Direct market access (DMA) refers to a method of electronic trading where investors can execute trades by directly interacting with an electronic order book. An order book is a list of orders that records the orders that buyers and sellers place in the stock exchange. The orders remain in the book until they are fulfilled by matching the price that a buyer wants to pay to purchase a security with the price that a seller wants to sell the security.
Usually, placing orders in the order book can only be done by brokers and financial institutions. Traditionally, if an investor wanted to place a trade, he/she would notify a broker online or over the phone. The broker would then look up the best price for investors. Using direct market access, it allows traders to bypass a broker and access the stock exchange directly. Therefore, traders can choose the price for their order(s).
Direct market access can facilitate trading for any stock exchange and any security that trades on the stock exchange. Therefore, investors can trade in equities, fixed income securities, financial derivatives, or any other financial instrument.
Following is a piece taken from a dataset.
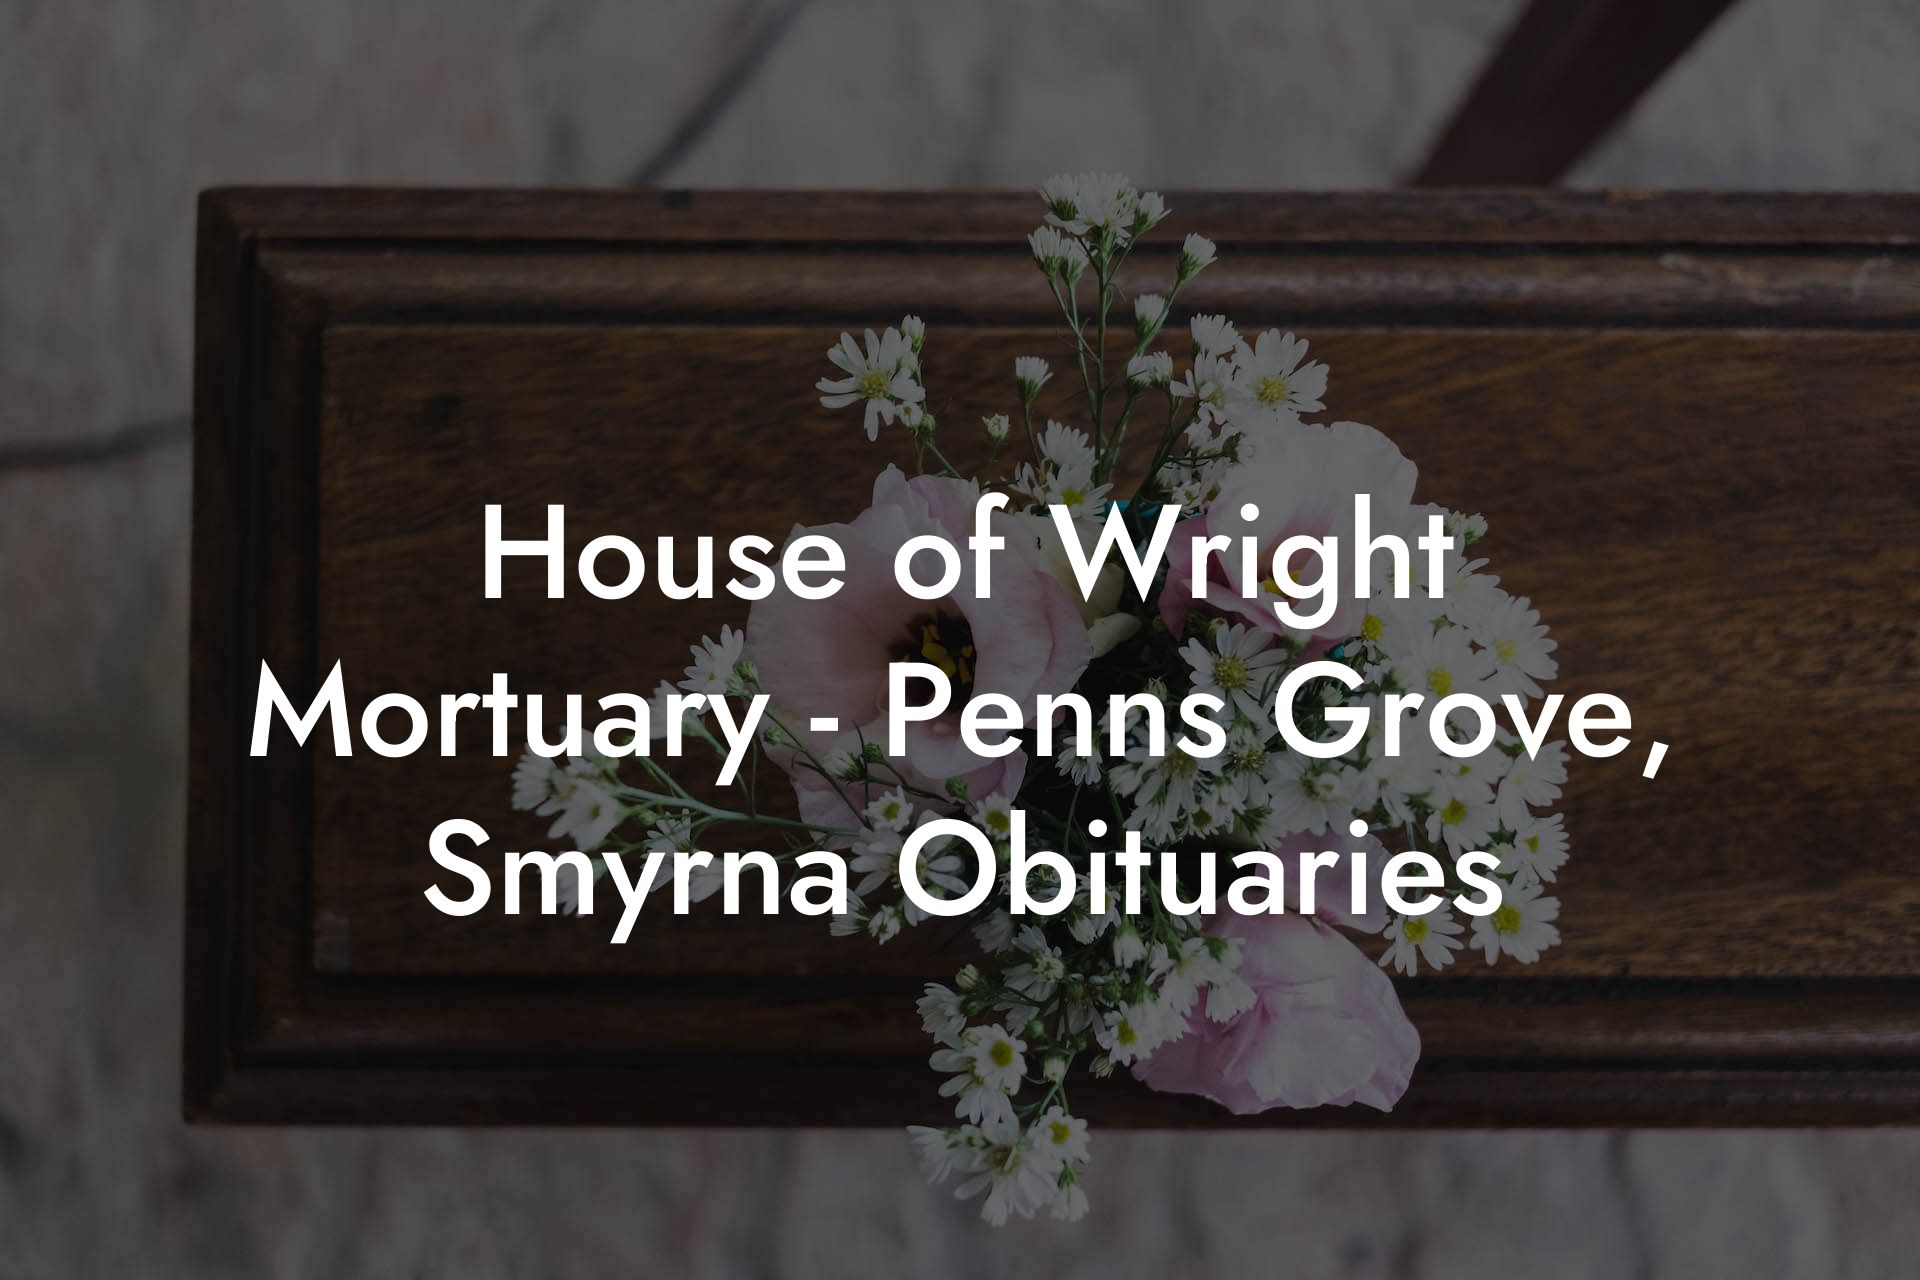 House of Wright Mortuary - Penns Grove, Smyrna Obituaries
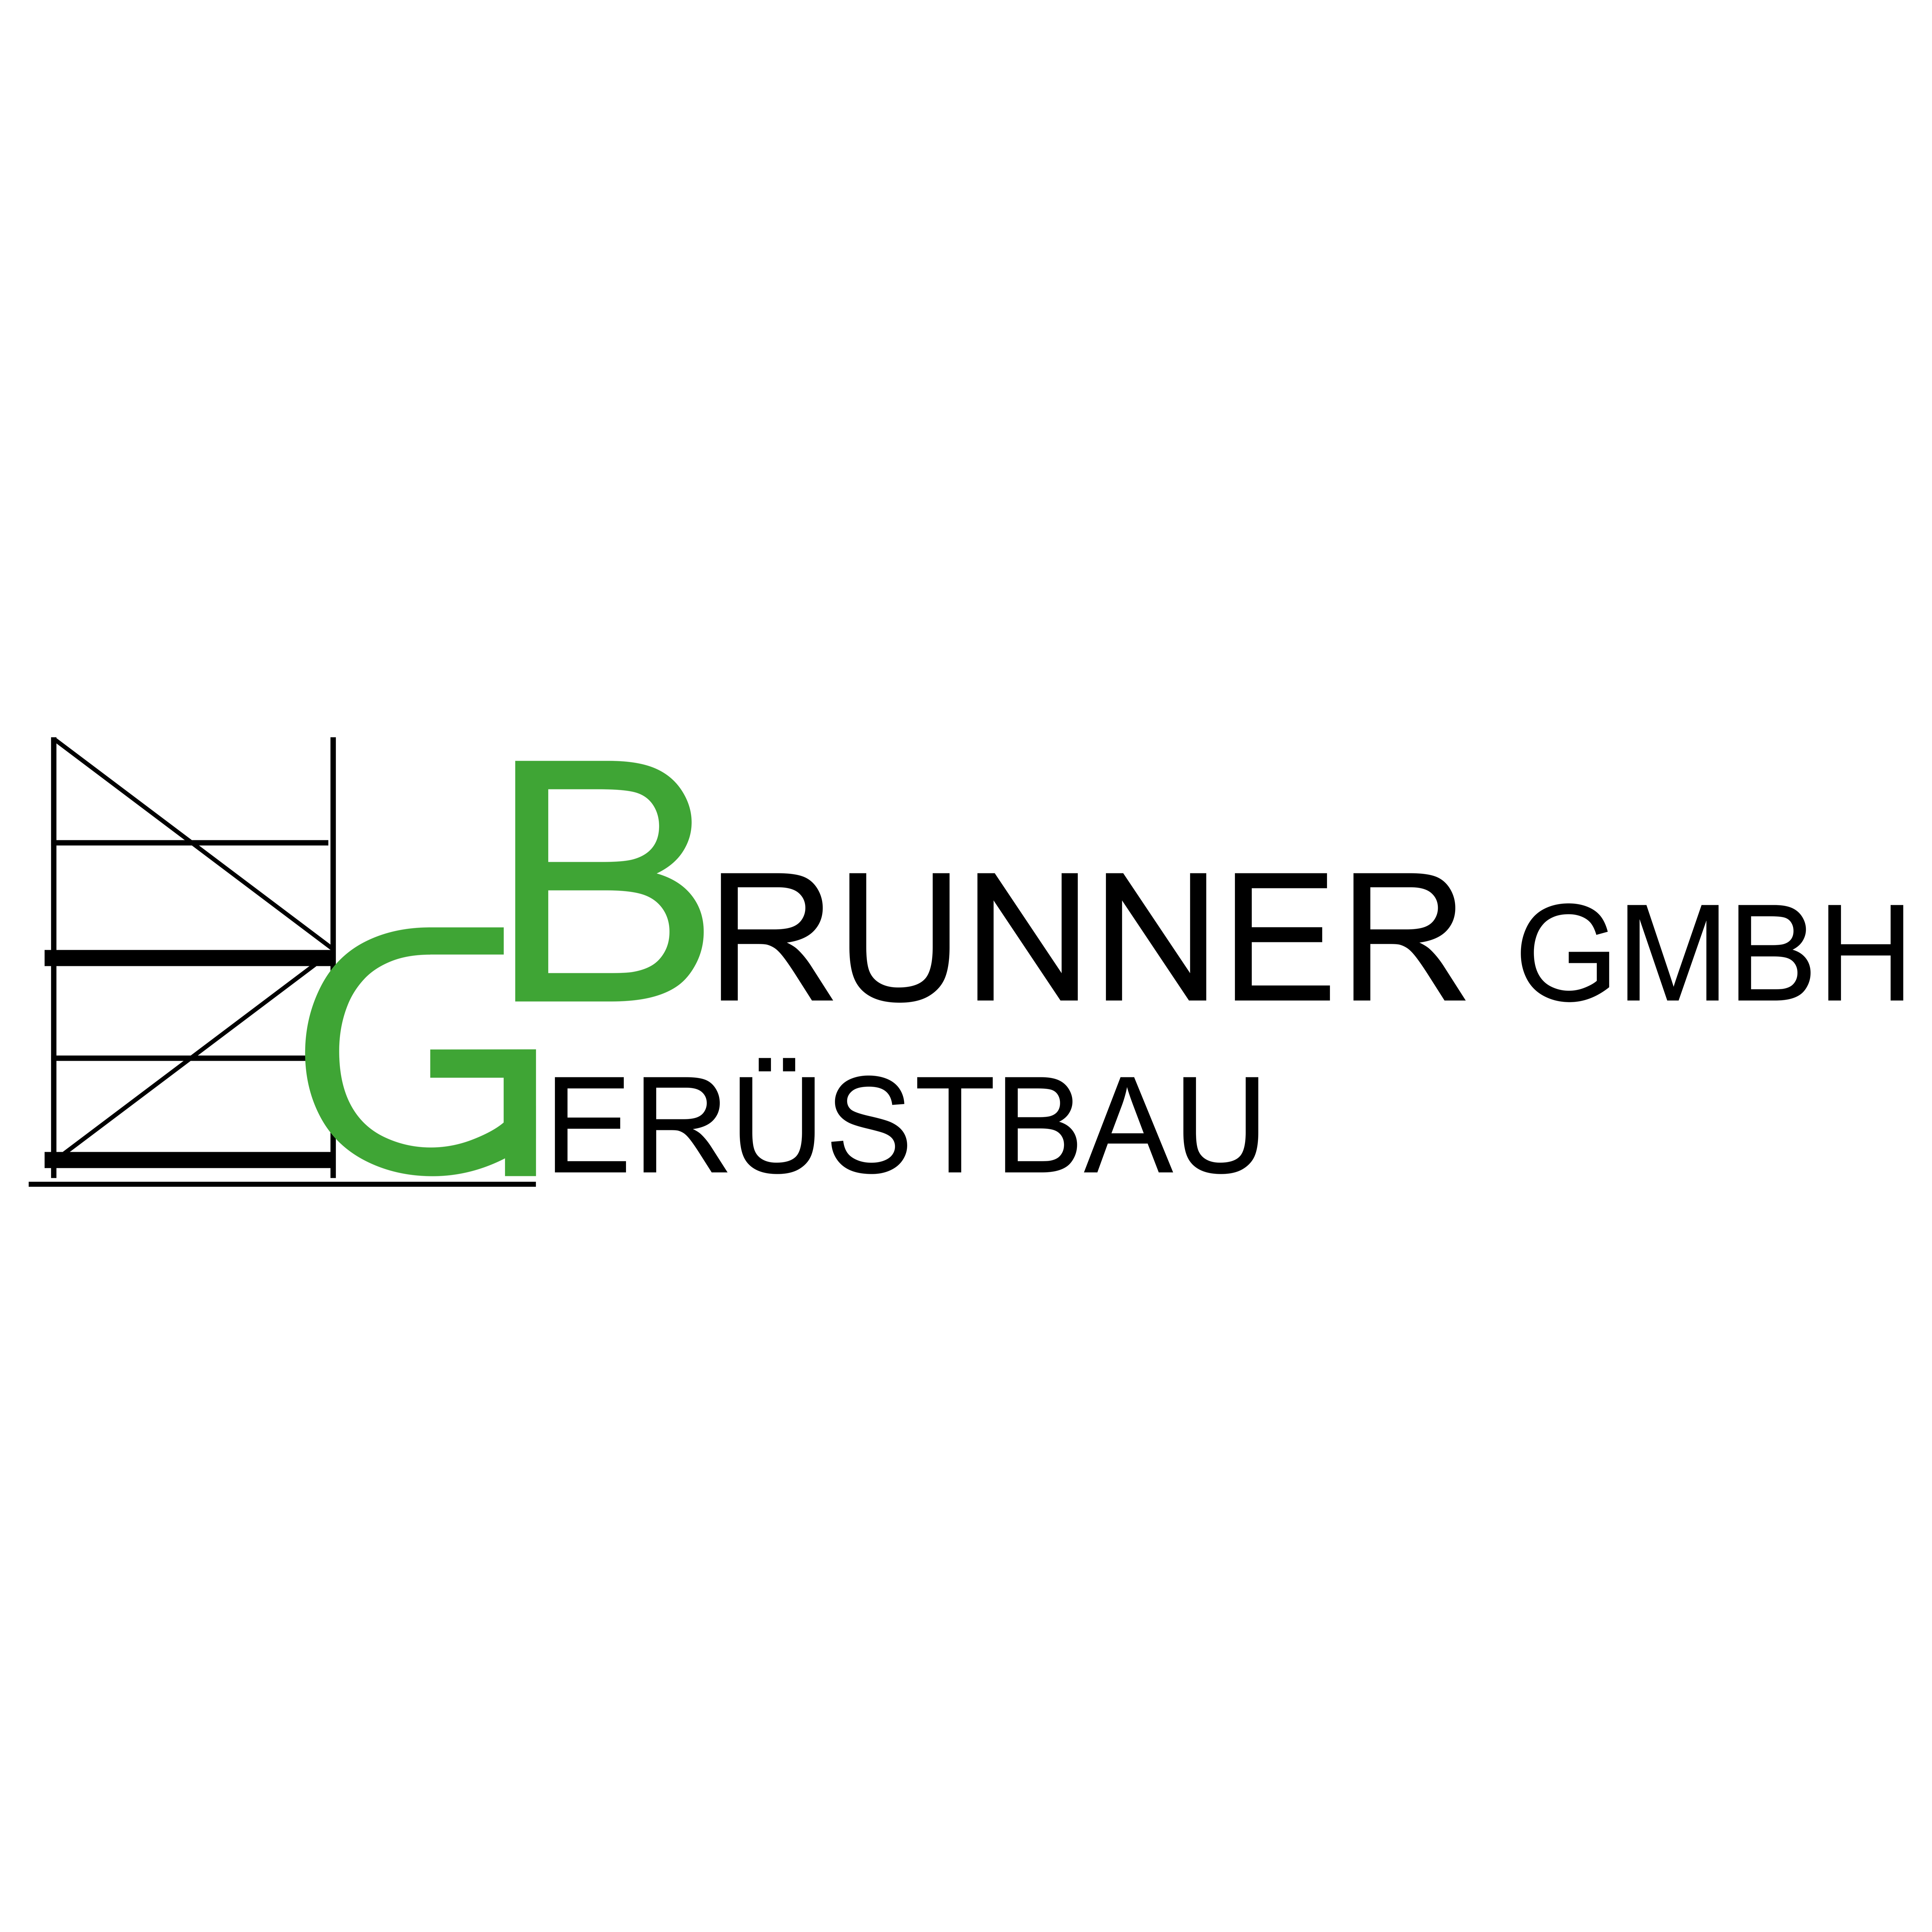 Brunner Gerüstbau GmbH in Anzing Logo

How are Trades Executed in Direct Market Access?
Through an online trading platform, a trader places an order to purchase a security.
The order is then recorded in an electronic trading book, and information is communicated to exchange servers.
The order is received by the stock exchange, and it can be fulfilled once the trader’s purchase price matches a seller’s price.
Who Uses Direct Market Access?
Direct market access is recommended for advanced traders only, as there may be difficulties. For example, traders gain access to advanced trading strategies – such as algorithmic trading – which is more suitable for experienced traders.
Additionally, it is also suitable for investors who are looking to place large volumes of transactions due to the requirements to execute orders with high volumes.
In addition to private traders, users also include buy-side firms, such as hedge funds, mutual funds, pension funds, and private equity funds. Buy-side firms may use the technology infrastructure provided by sell-side firms (i.e., investment banks) to get direct market access. Many sell-side firms now provide services for direct market access to their clients.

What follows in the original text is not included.